AbstractOverallVarianceAnalyzer¶
Abstract class for an analyzer that computes overall variance metrics for subgroups.
Parameters¶
-
base_model
Base model for stability measuring
-
base_model_name (str)
Model name like 'HoeffdingTreeClassifier' or 'LogisticRegression'
-
bootstrap_fraction (float)
[0-1], fraction from train_pd_dataset for fitting an ensemble of base models
-
X_train (pandas.core.frame.DataFrame)
Processed features train set
-
y_train (pandas.core.frame.DataFrame)
Targets train set
-
X_test (pandas.core.frame.DataFrame)
Processed features test set
-
y_test (pandas.core.frame.DataFrame)
Targets test set
-
dataset_name (str)
Name of dataset, used for correct results naming
-
n_estimators (int)
Number of estimators in ensemble to measure base_model stability
-
random_state (int) – defaults to
None
[Optional] Controls the randomness of the bootstrap approach for model arbitrariness evaluation
-
with_predict_proba (bool) – defaults to
True
[Optional] A flag if model can return probabilities for its predictions. If no, only metrics based on labels (not labels and probabilities) will be computed.
-
notebook_logs_stdout (bool) – defaults to
False
[Optional] True, if this interface was execute in a Jupyter notebook, False, otherwise.
-
verbose (int) – defaults to
0
[Optional] Level of logs printing. The greater level provides more logs. As for now, 0, 1, 2 levels are supported.
Methods¶
UQ_by_boostrap
Quantifying uncertainty of the base model by constructing an ensemble from bootstrapped samples.

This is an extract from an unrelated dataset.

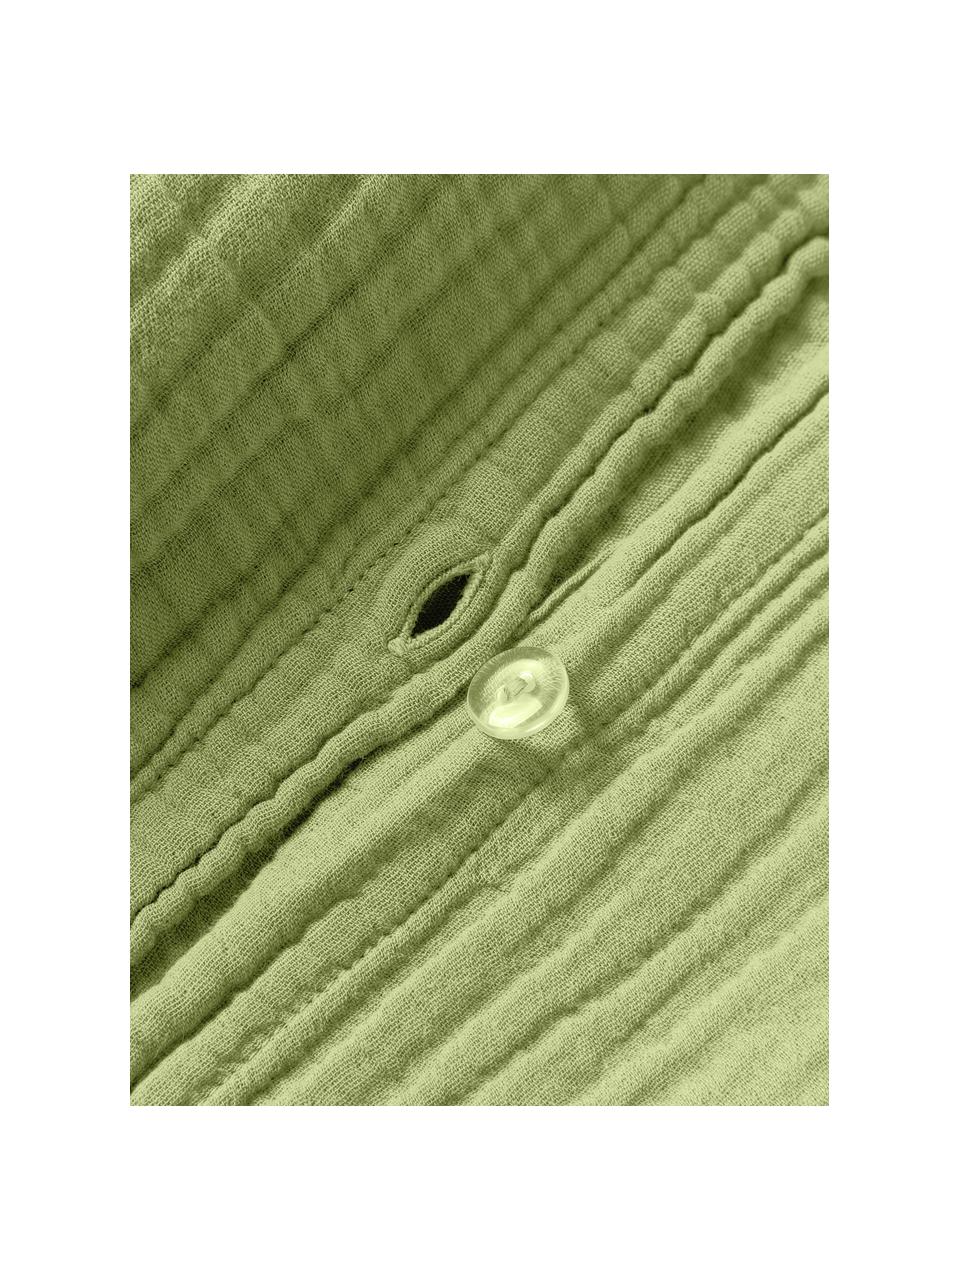 Musselin-Kopfkissenbezug Odile, Webart: Musselin Fadendichte 200 , Olivgrün, B 40 x L 80 cm

Return a dictionary where keys are models indexes, and values are lists of correspondent model predictions for X_test set.
Parameters
- boostrap_size (int)
- with_replacement (bool)
- with_fit (bool) – defaults to
True
compute_metrics
Measure metrics for the base model. Save results to a .csv file.
Parameters
- save_results (bool) – defaults to
True
- with_fit (bool) – defaults to
True